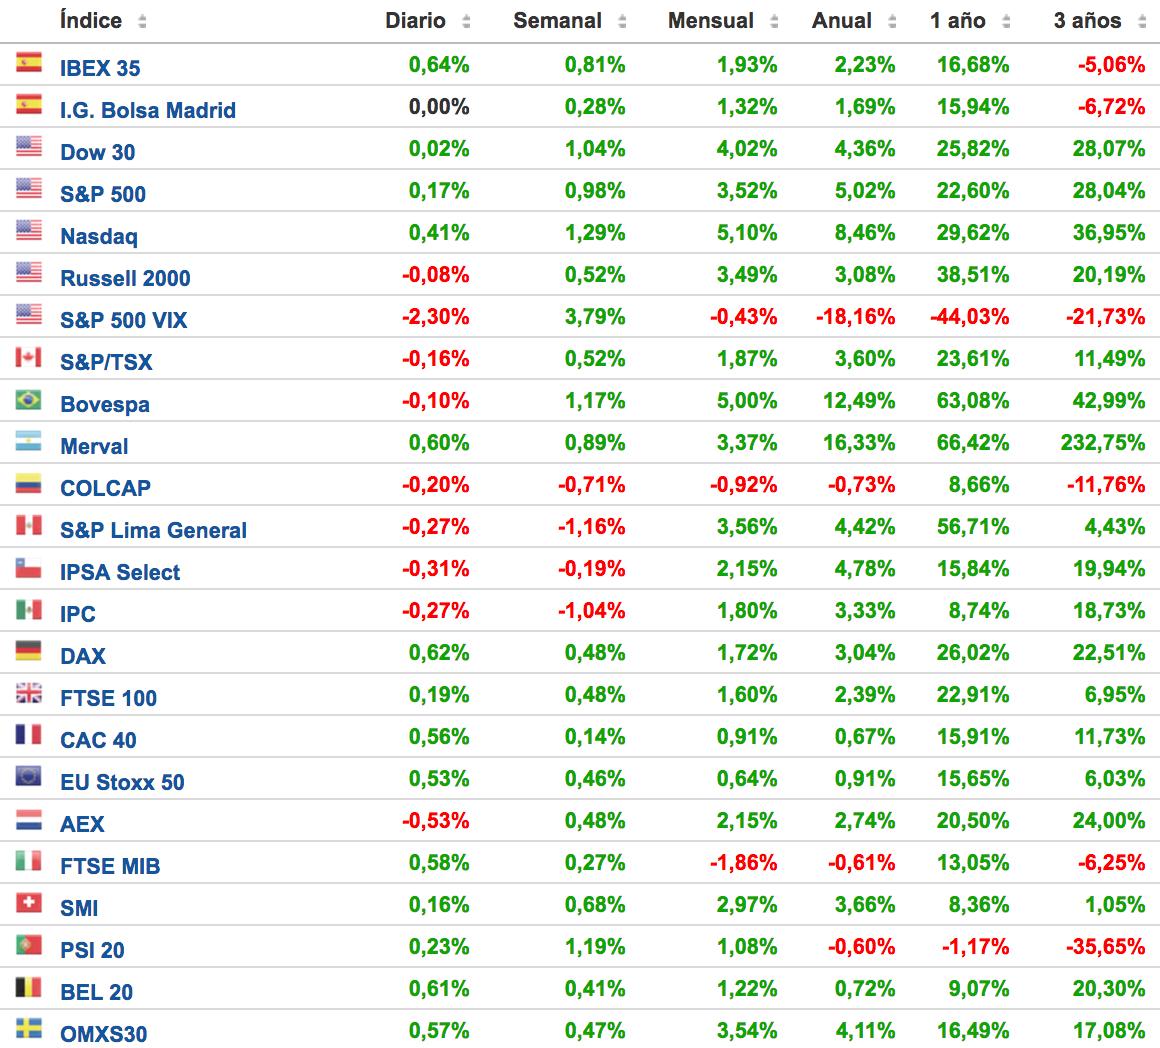 rentabilidades principales índices bursátiles Altair Finance
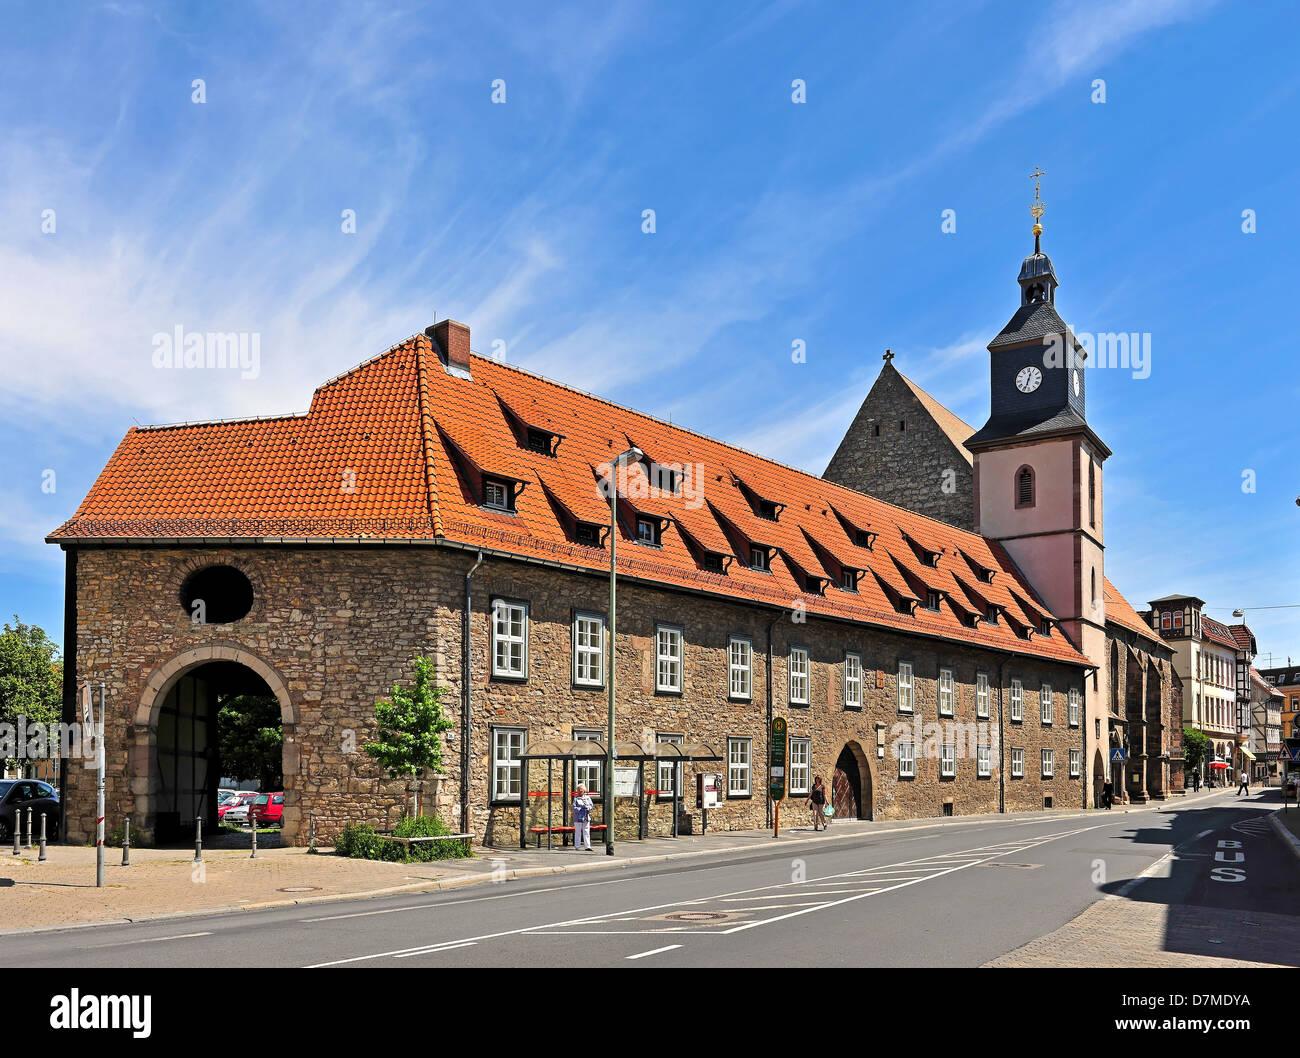 The Protestant Lutheran church St. Marien in Göttingen - Stock Image
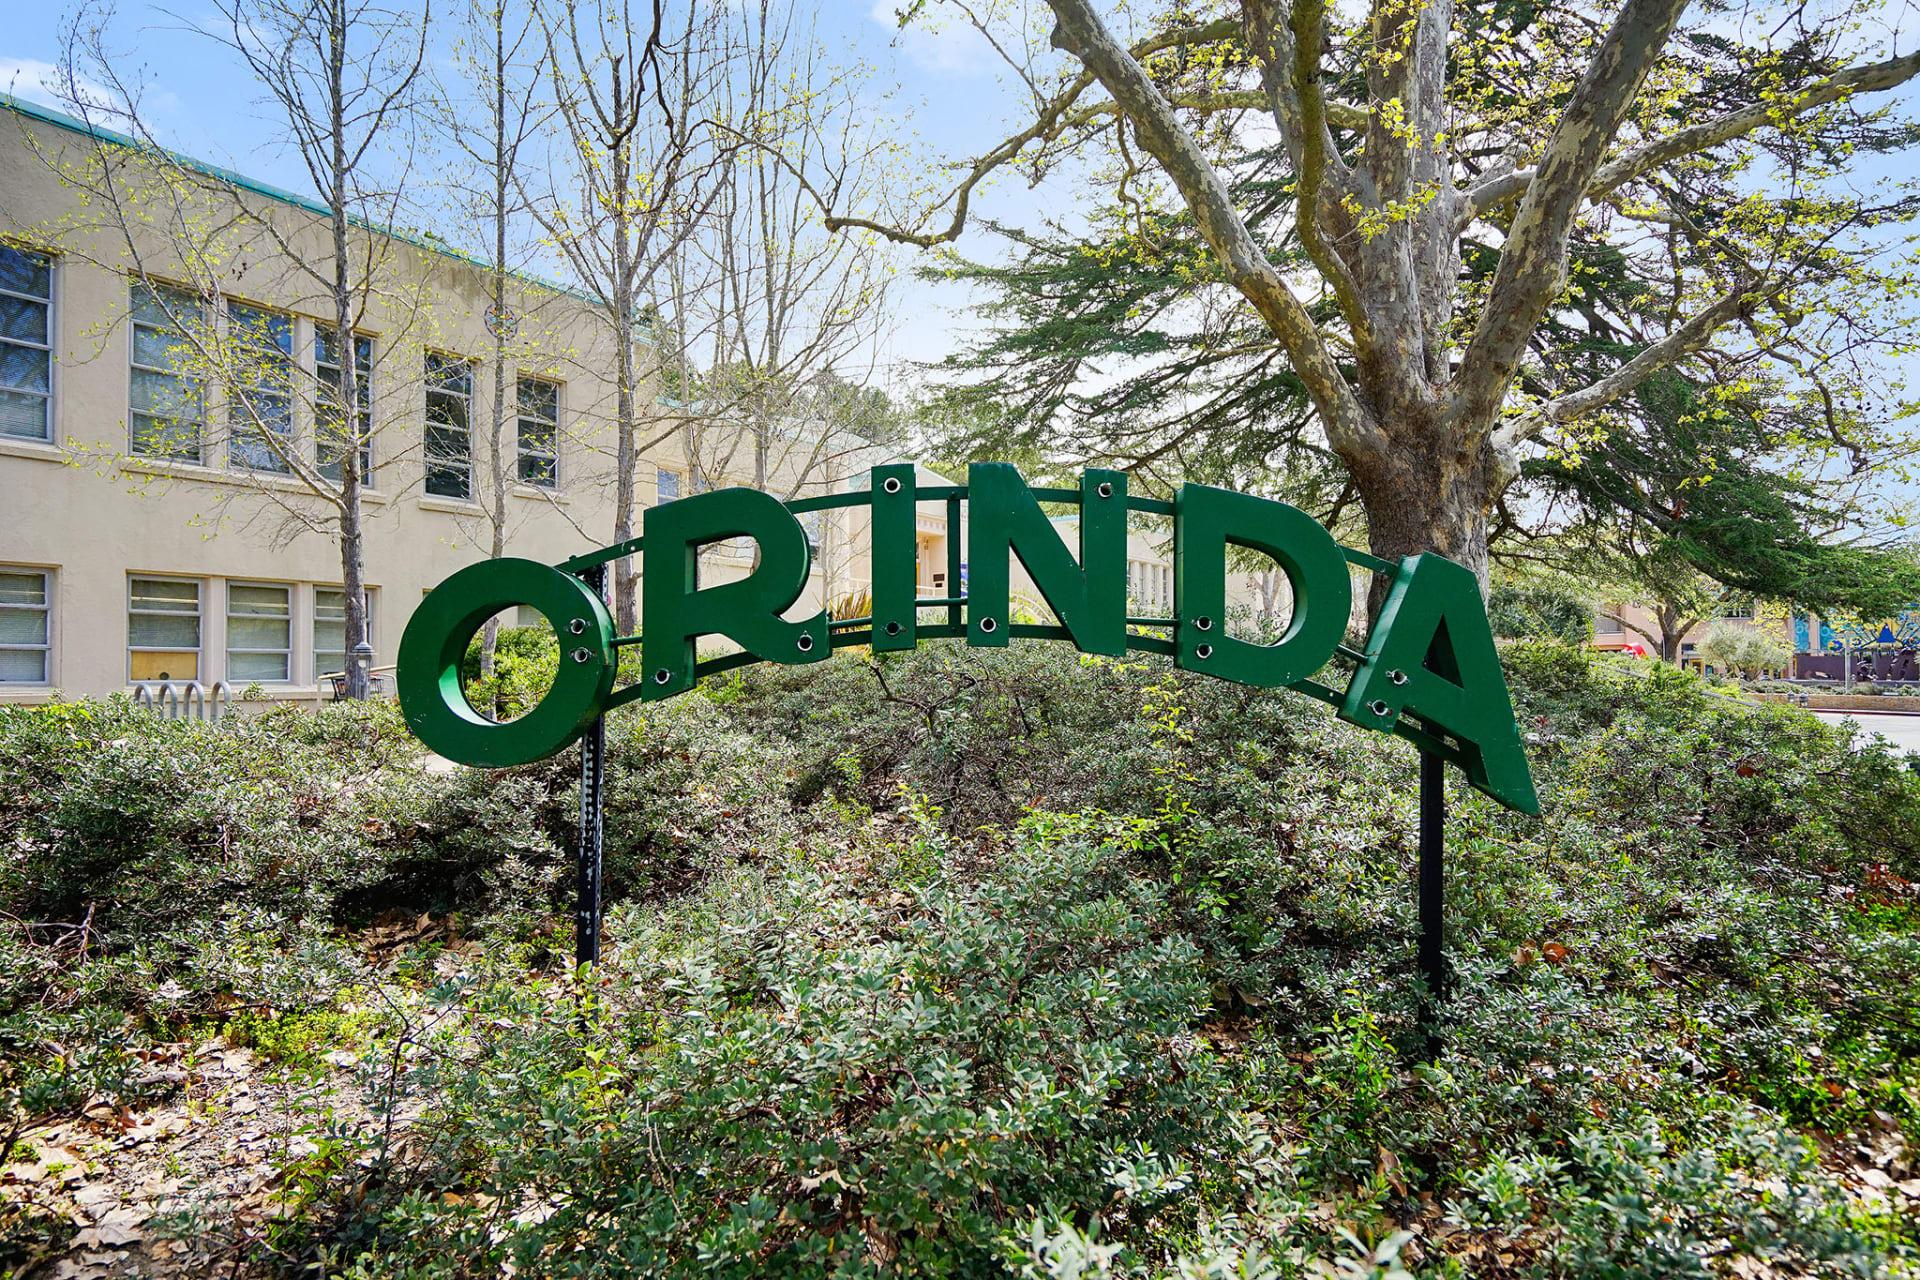 Orinda

- Task goal
Transcribe the listing exactly. Its images are to be omitted.

- Result of the task
 rentabilidades principales índices bursátiles Altair Finance
 The Protestant Lutheran church St. Marien in Göttingen - Stock Image
 Orinda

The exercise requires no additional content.